**DATA SHOWN**

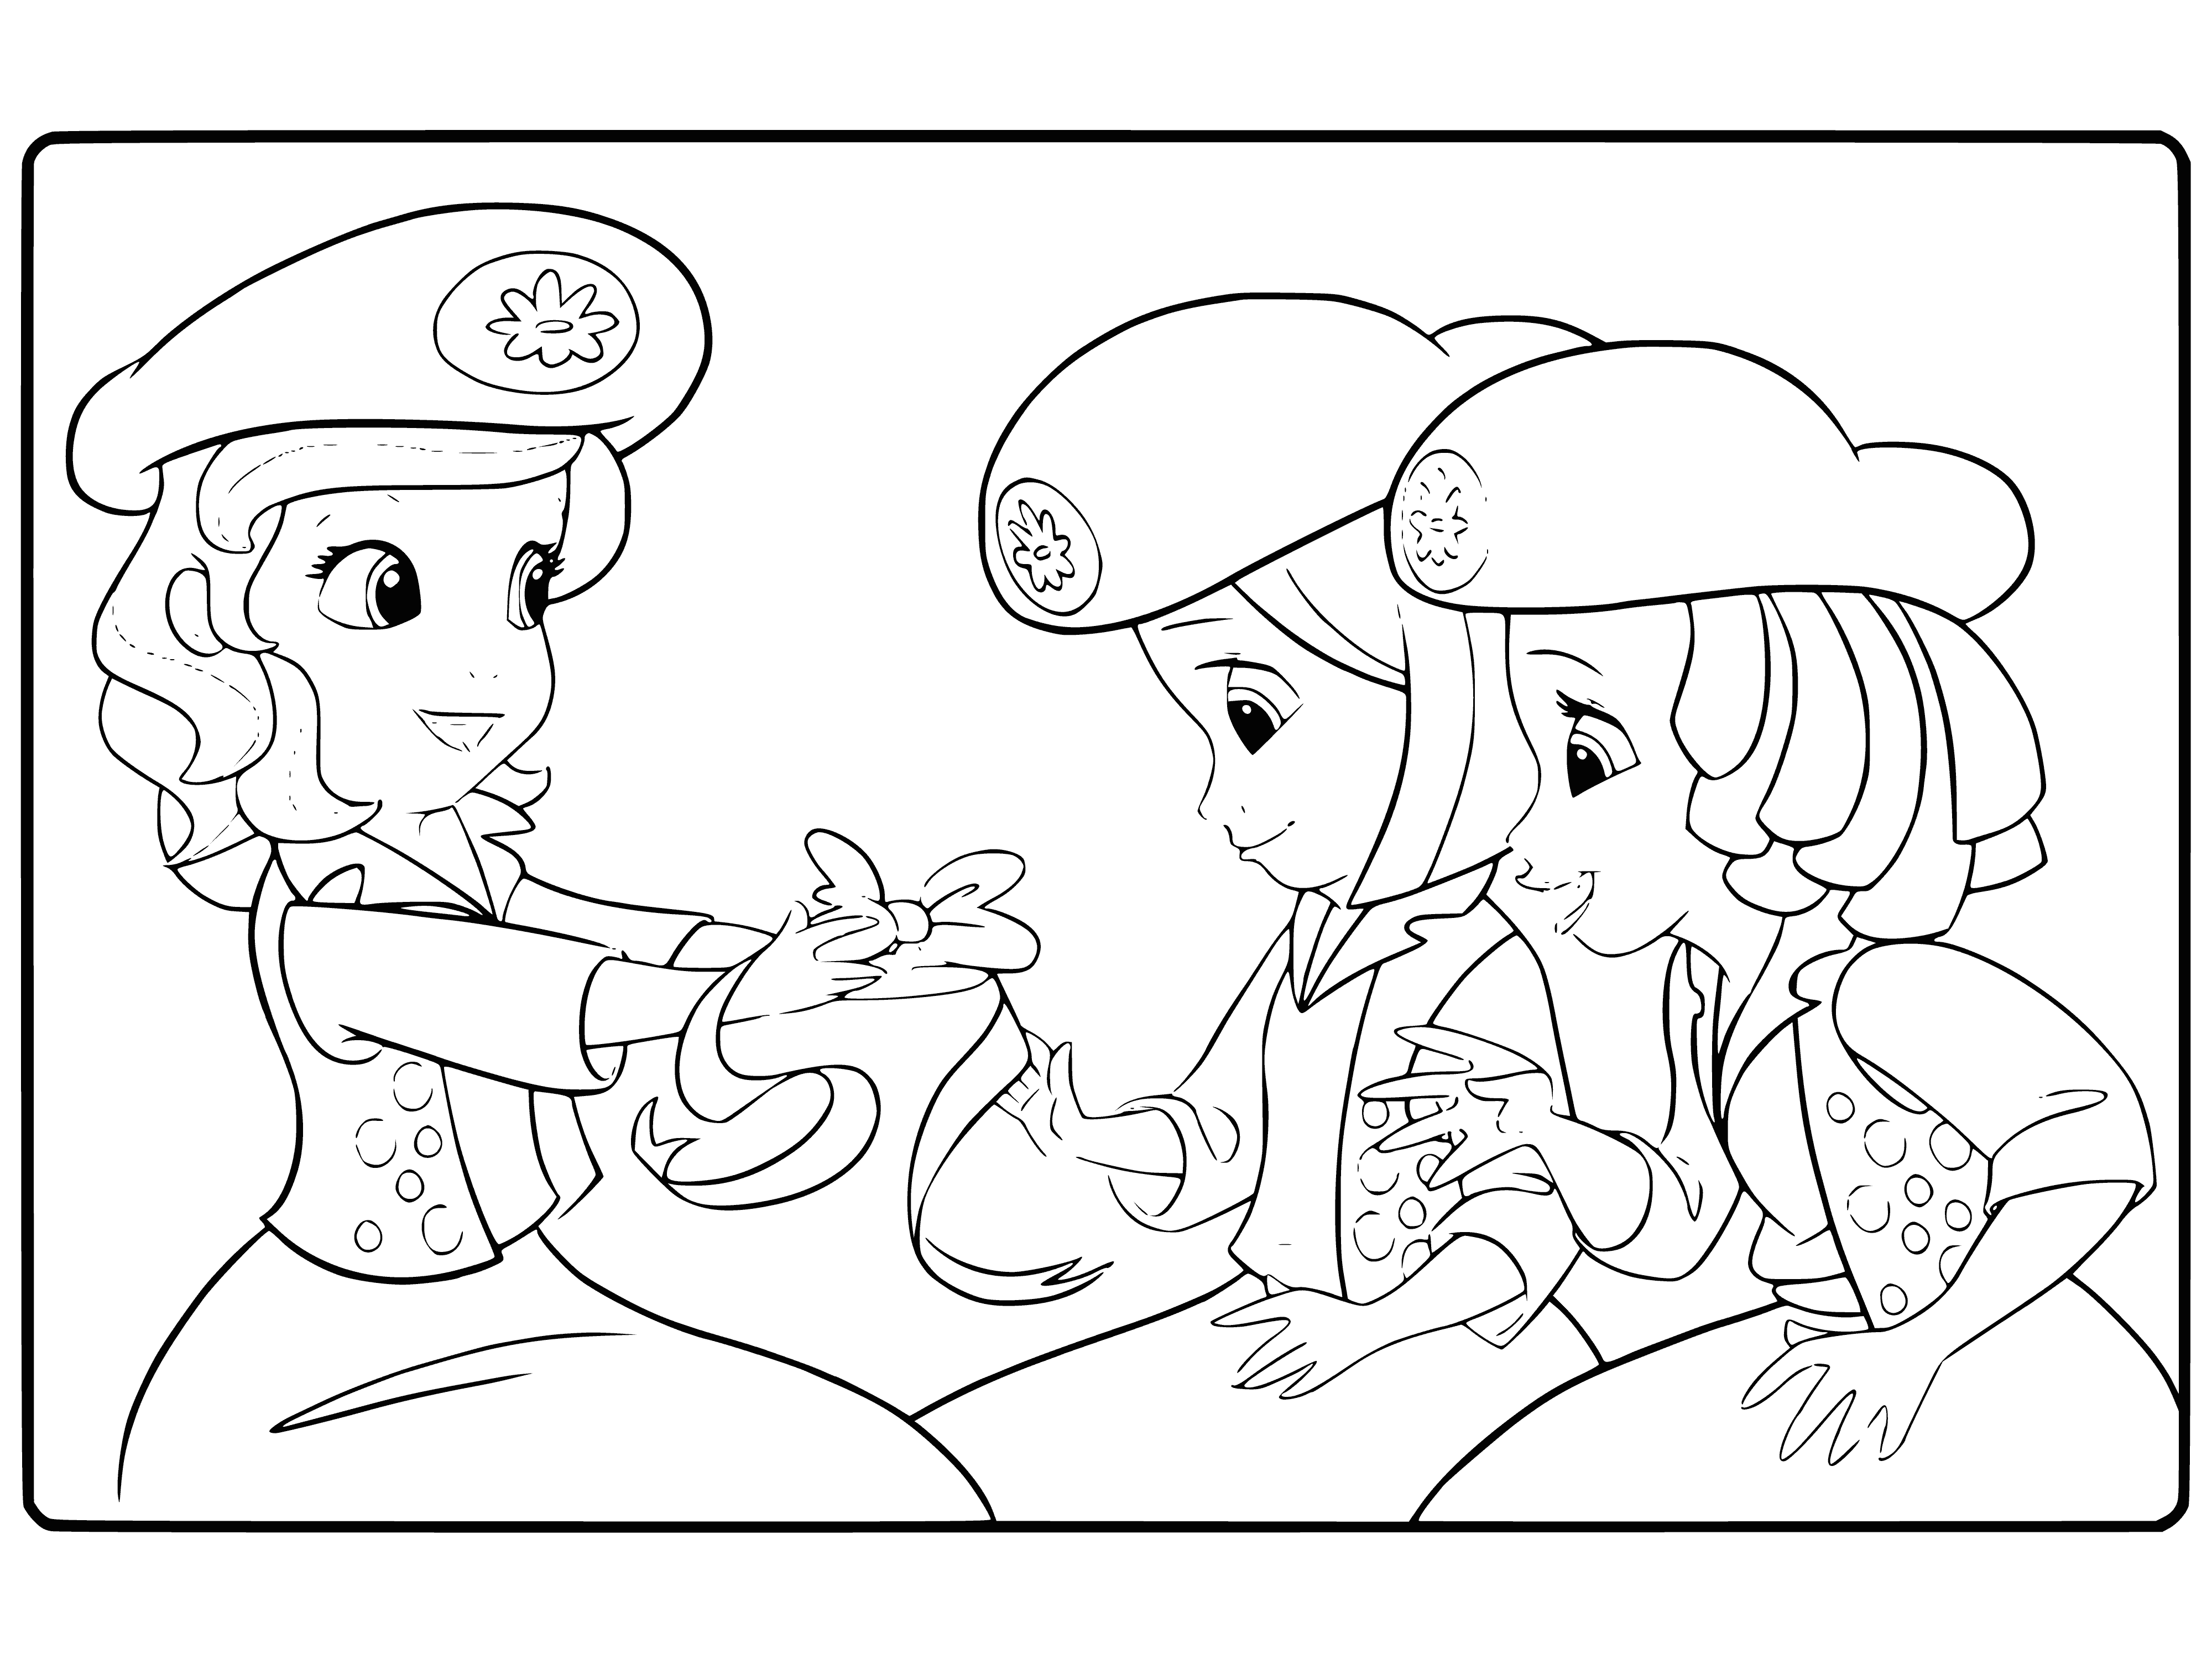 Princess Sofia with girlfriends coloring page
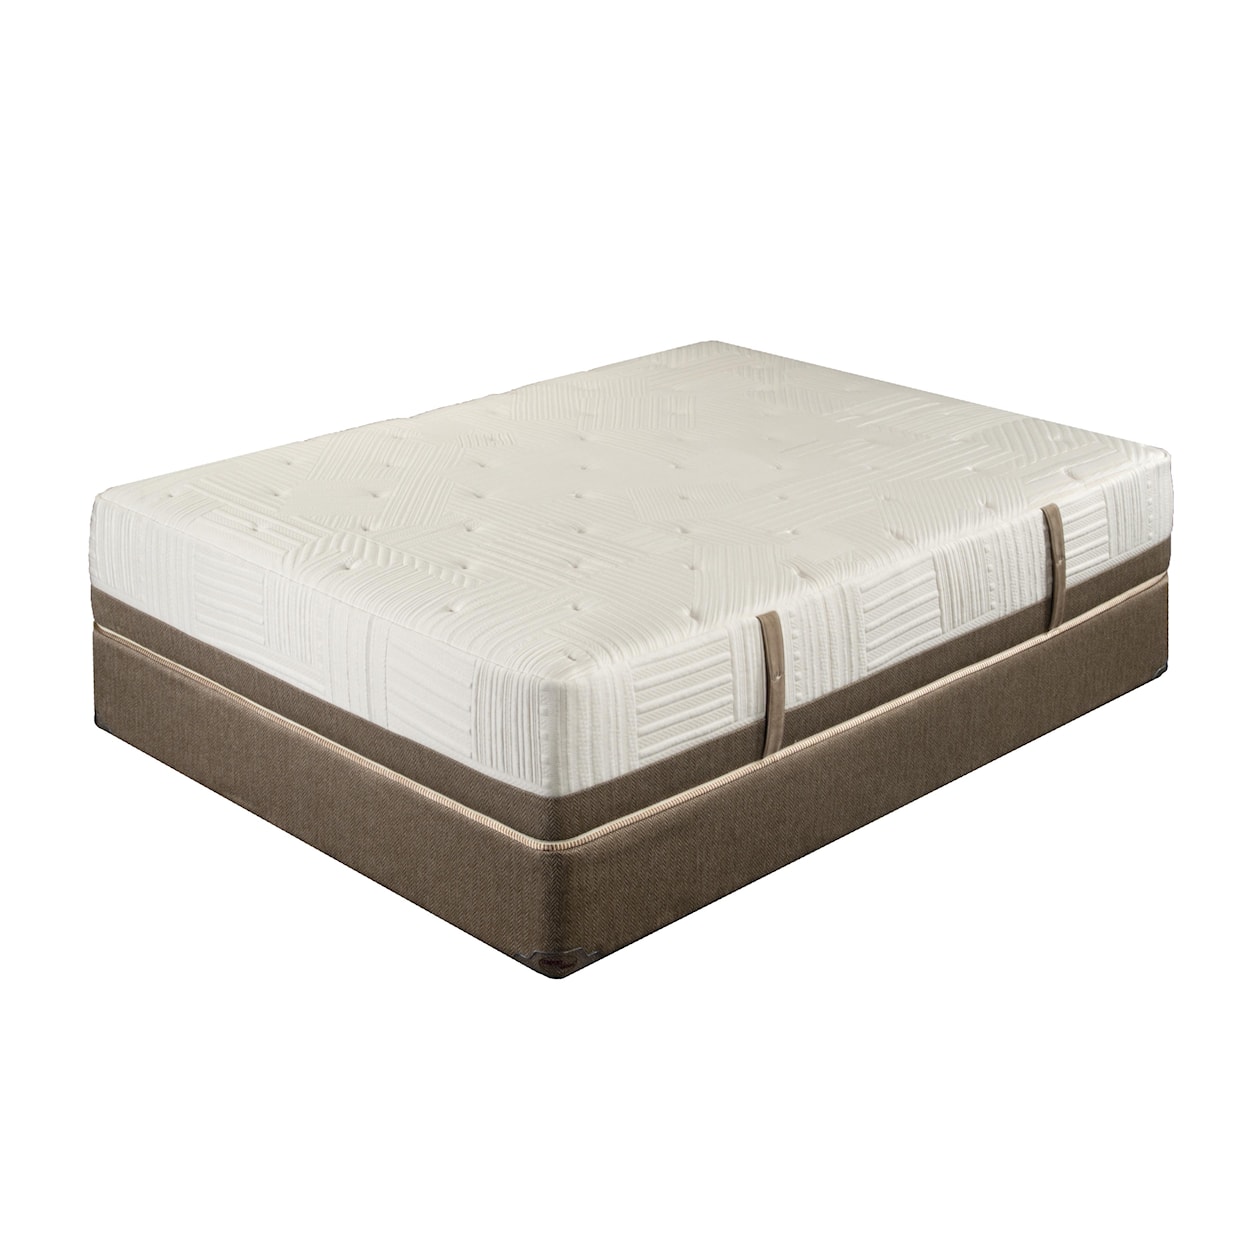 King Koil Extended Life 3100 Twin Luxury Firm Mattress Set
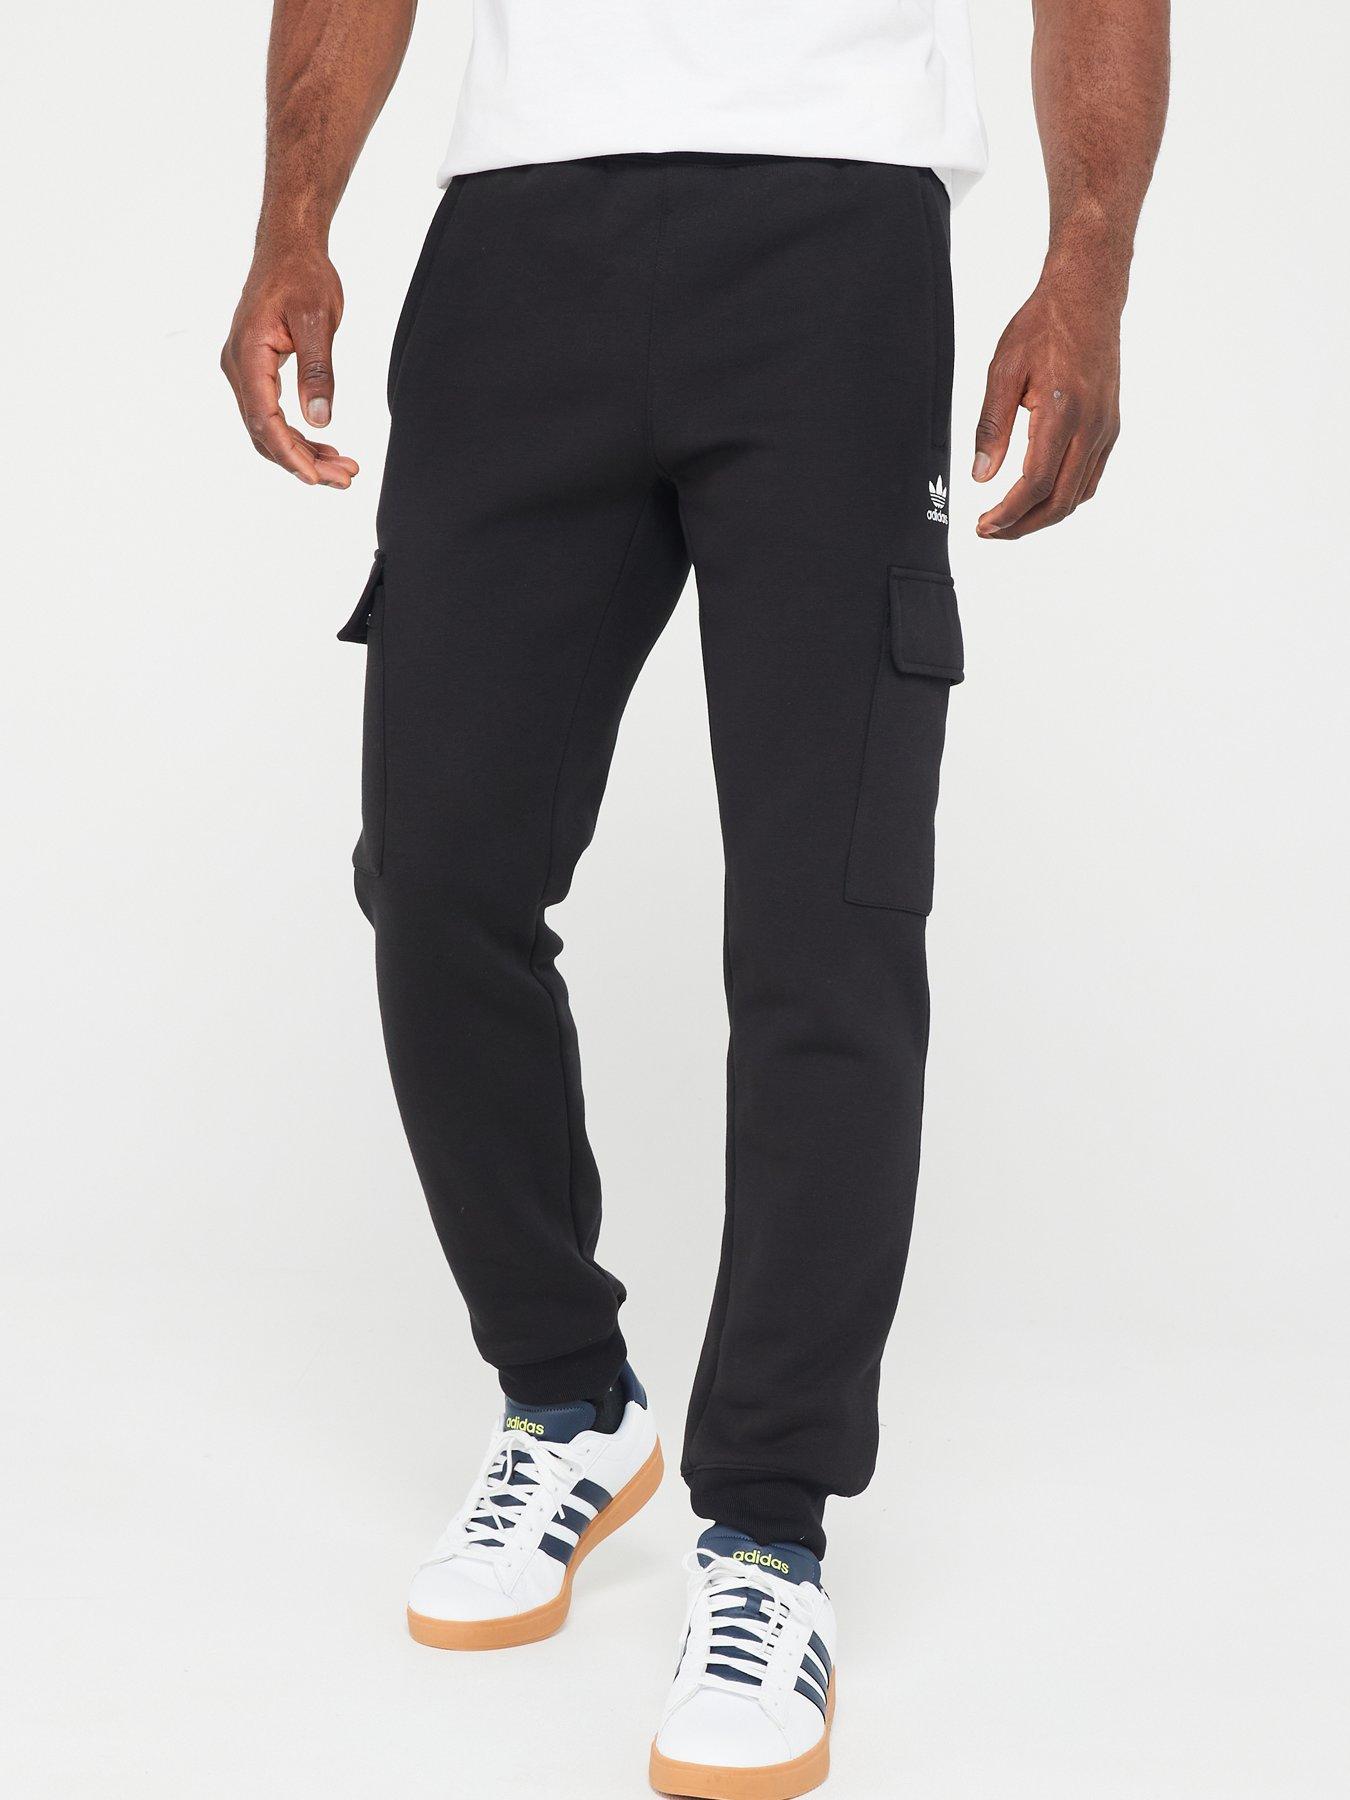 Trousers, Mens sports clothing, Sports & leisure

**WHAT THIS TASK INVOLVES**
Without the pictures, transcribe exactly the lines above from the one containing "King Koil Extended" through the last.

**WRITTEN ANSWER**
 King Koil Extended Life 3100 Twin Luxury Firm Mattress Set
 Trousers, Mens sports clothing, Sports & leisure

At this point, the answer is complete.